Proving inequalities using convex functions

I have found that I am pretty bad at finding “clever factors” for Cauchy-Schwarz, whose bounds can be known from the given conditions. However, I am slowly getting comfortable with the idea of converting the expression into a convex function, and then using the Majorization Theorem.

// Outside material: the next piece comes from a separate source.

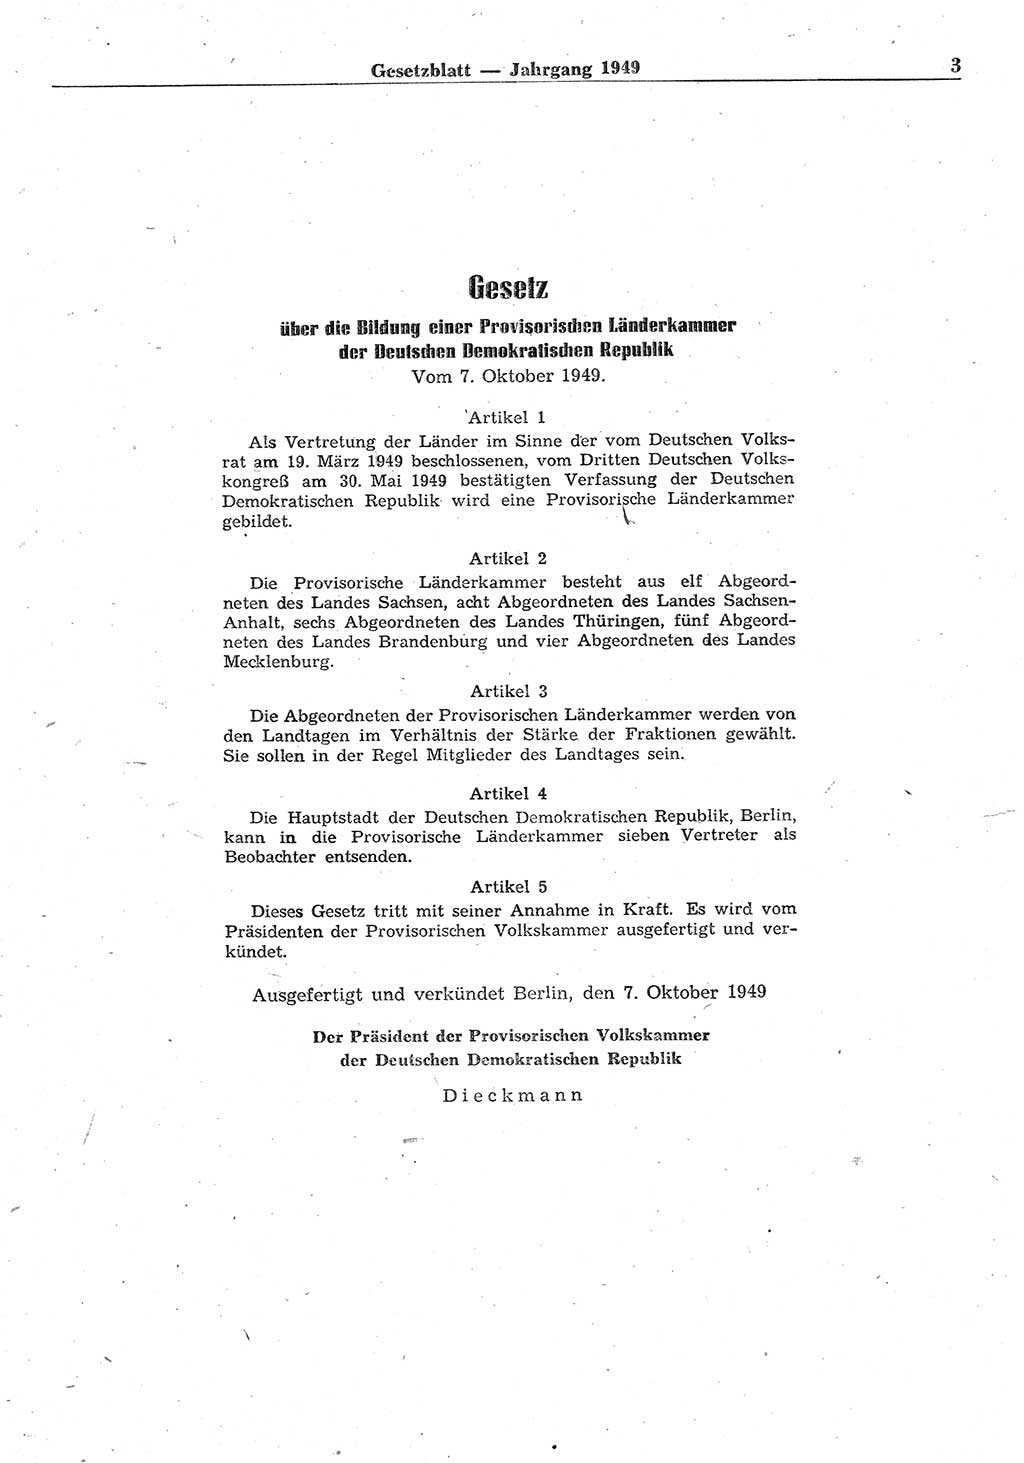 Gesetzblatt (GBl.) der Deutschen Demokratischen Republik (DDR) 1949, Seite 3 (GBl. DDR 1949, S. 3)

(Turkey) Let n\geq 2, and x_1,x_2,\dots,x_n positive reals such that x_1^2+x_2^2+\dots+x_n^2=1. Find the minimum value of \sum\limits_{i=1}^n \frac{x_i^5}{\sum\limits_{j\neq i} x_j}

My proof: We have (x_1^2+1)+\dots+(x_n^2+1)=n+1. Hence, using AM-GM inequality, we have x_1+\dots+x_n\leq \frac{n+1}{2}.

The expression we finally get is

\sum\limits_{i=1}^n \frac{x_i^5}{\sum\limits_{j\neq i} x_j}\geq \sum\limits_{i=1}^n \frac{x_i^5}{\frac{n+1}{2}-x_i}

Consider the function f(x)=\frac{x^{5/2}}{\frac{n+1}{2}-\sqrt{x}}. By differentiating twice, we know that for x\leq 1, this function is convex.

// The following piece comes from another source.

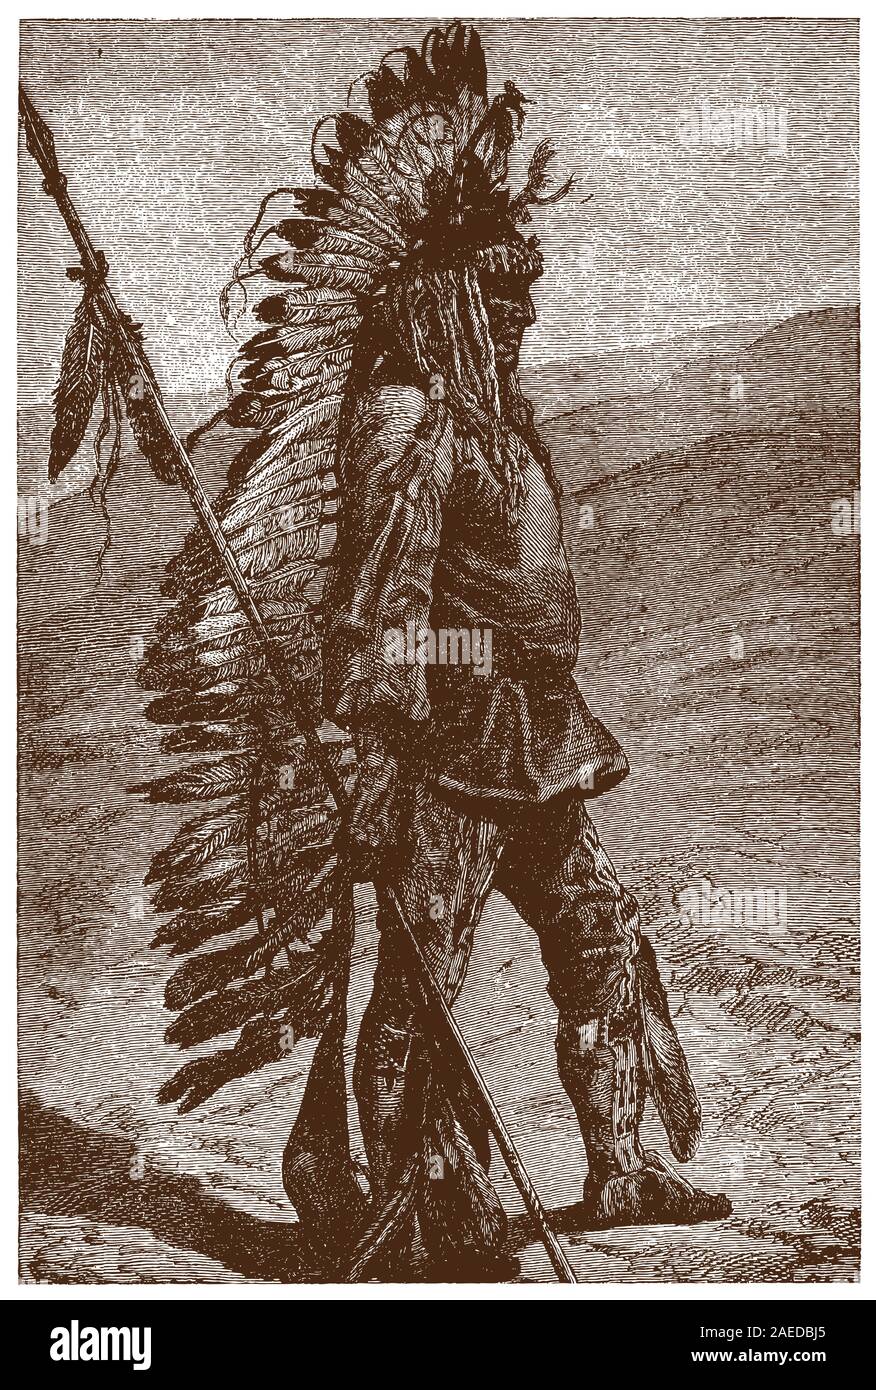 Historische pawnee Chief stehend in einer Landschaft und trug eine Federhaube und halten einen Speer. Abbildung: Nach einem Stich aus dem 19. Jahrhundert Stock Vektor

Hence, f(x_1^2)+\dots+f(x_n^2) will be minimized only when x_1^2=\dots=x_n^2, which we know from the conditions given in the question, is \frac{1}{n}.

Note that

f(x_1^2)+\dots+f(x_n^2)= \sum\limits_{i=1}^n \frac{x_i^5}{\frac{n+1}{2}-x_i}

Hence, the minimum is attained when x_1=\dots=x_n=\frac{1}{\sqrt{n}}, and is equal to \frac{1}{n(n-1)}, which is found by substituting x_1=\frac{1}{\sqrt{n}} in the original expression.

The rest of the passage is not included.